Штольня была широкой, с дощатым настилом, чтобы две тачки разъехаться могли. Но все же это был рудник, а не тихая и опрятная раскольничья каплица с тайником. Стойки здесь стояли как попало, стены были не оббиты и оплыли, осыпи выползали на вымостку, затоптанную чьими-то грязными ногами. Держа штуцер наперевес, Осташа перешагивал груды земли, осторожно огибал закаменевшие глыбы, что отвалились от стен и свода, небрежно запертого балками. Свет из раскрытых ворот озарял штольню далеко вглубь, и даже в самой дали, где, казалось, должна царить тьма, серел только жидкий сумрак. Зато сразу пахнуло подземным скитом: тяжелым, мертвым духом мерзлой земли, кислятиной тихо гнившей древесины, остывшим дымом, воском и тоненько-тоненько — сладостью ладана.
На самом пределе света Осташа увидел раскорячившиеся поперек прохода сани.
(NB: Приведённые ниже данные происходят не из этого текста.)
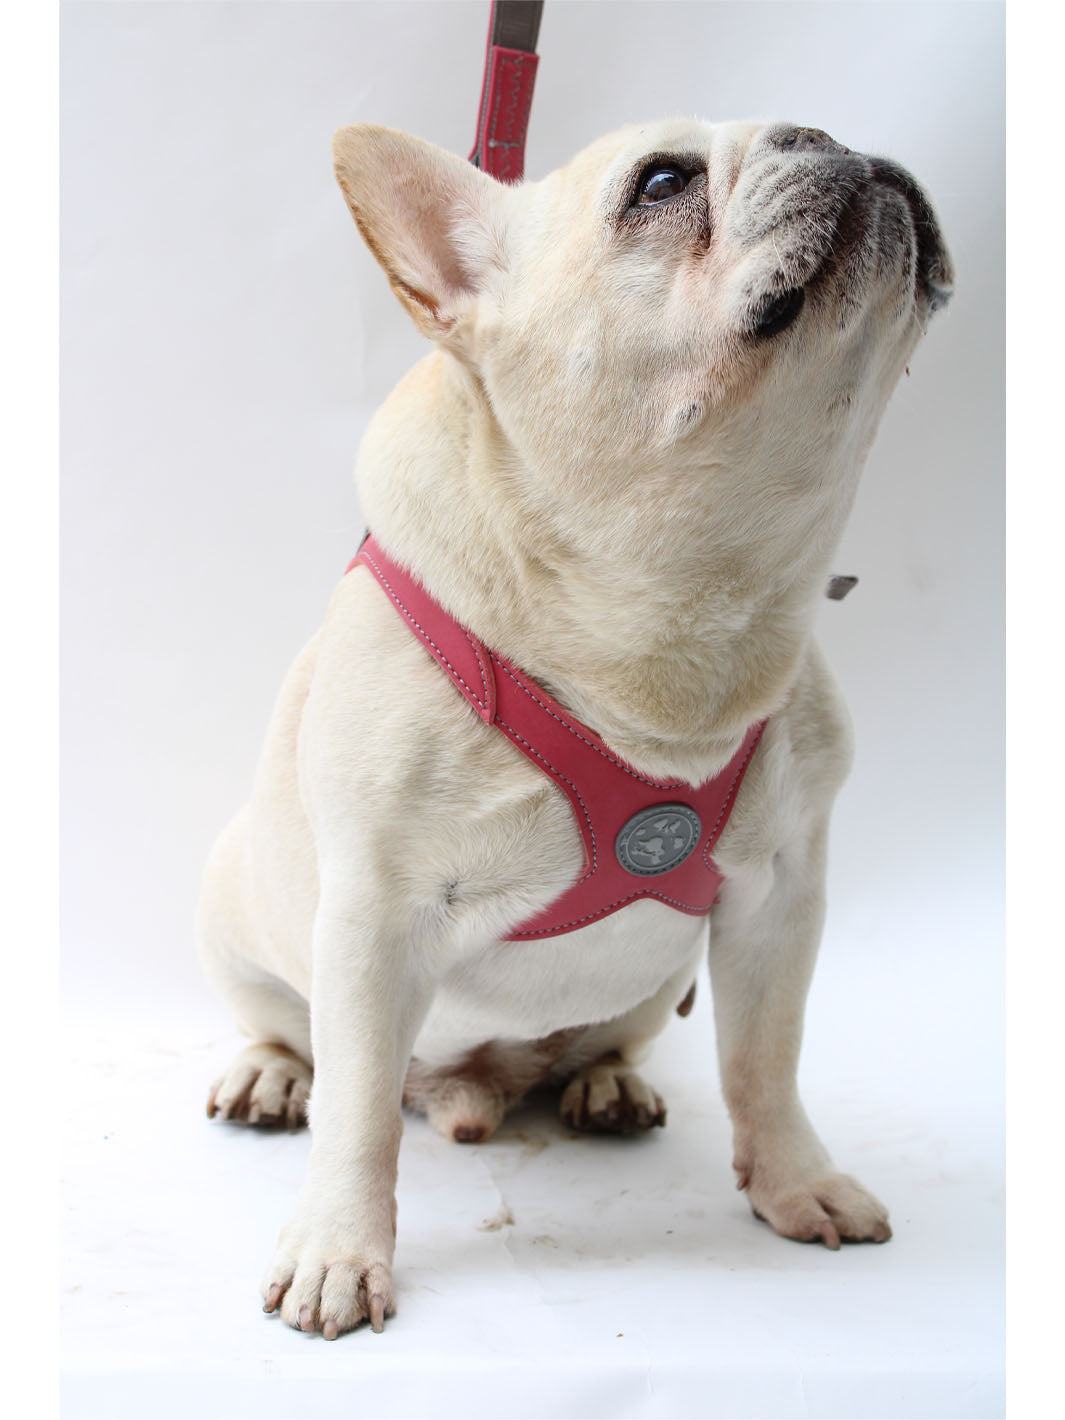 A cute cream french bulldog eats a treat on the photoset while wearing a pink MAGNUS Canis dog harness.

Они были узкие, с широкими полозьями — почти вогульские нарты. На таких санях возили грузы по нехоженому снегу. Рядом к стене как попало были прислонены чьи-то лыжи, все хоженые, бывалые. Их лопатистые полозья были покрыты вытертым до блеска мехом. Осташа пересчитал лыжи — одиннадцать штук. Сколько же человек в скиту?..
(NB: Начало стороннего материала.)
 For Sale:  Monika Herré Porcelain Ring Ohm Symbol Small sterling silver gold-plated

В стене была забранная досками ямка — пещерный кивот. В кивоте перед иконой в плошке с топленым салом тлел огонек. Осташа сунул в кивот руку и достал плошку, поднял над собой. Не зря. Он стоял на краю глубокой ямы, дно которой было утыкано заостренными кольями. Скитская ловушка для незваных гостей. Через яму была перекинута плаха. Осташа попробовал ее ногой — держит. Он осторожно перебрался на другую сторону ямы.
Он стоял, озираясь, и не решался двинуться дальше. Что-то тут не так… Почему тишина вокруг? Почему ворота скита открыты? Почему через ловчую яму переброшена доска?.. Если Шакула догадался, что солдаты пошли в скит, то небось предупредил скитников об облаве. Почему же те словно вымерли? Ну натравил Шакула на солдат вогульскую нежить из урманов — так ведь это не значит, что солдаты не пройдут… На государеву стражу скиты остерегутся оружие подымать, хотя после Пугача тот закон отрешили. Но ведь не блинами же встречать опричников? В былые времена жглись, лишь бы царевым слугам в руки не даться. Уткинская Слобода в огненную купель окунулась, на Ирюмских болотах костры взметались, Межевая Утка горела сплошь, а огнища на Березовой всю Россию озарили… Чего же сейчас скитники сидят, как мыши в норе?.. Или не сидят? Ушли? Пуст скит?..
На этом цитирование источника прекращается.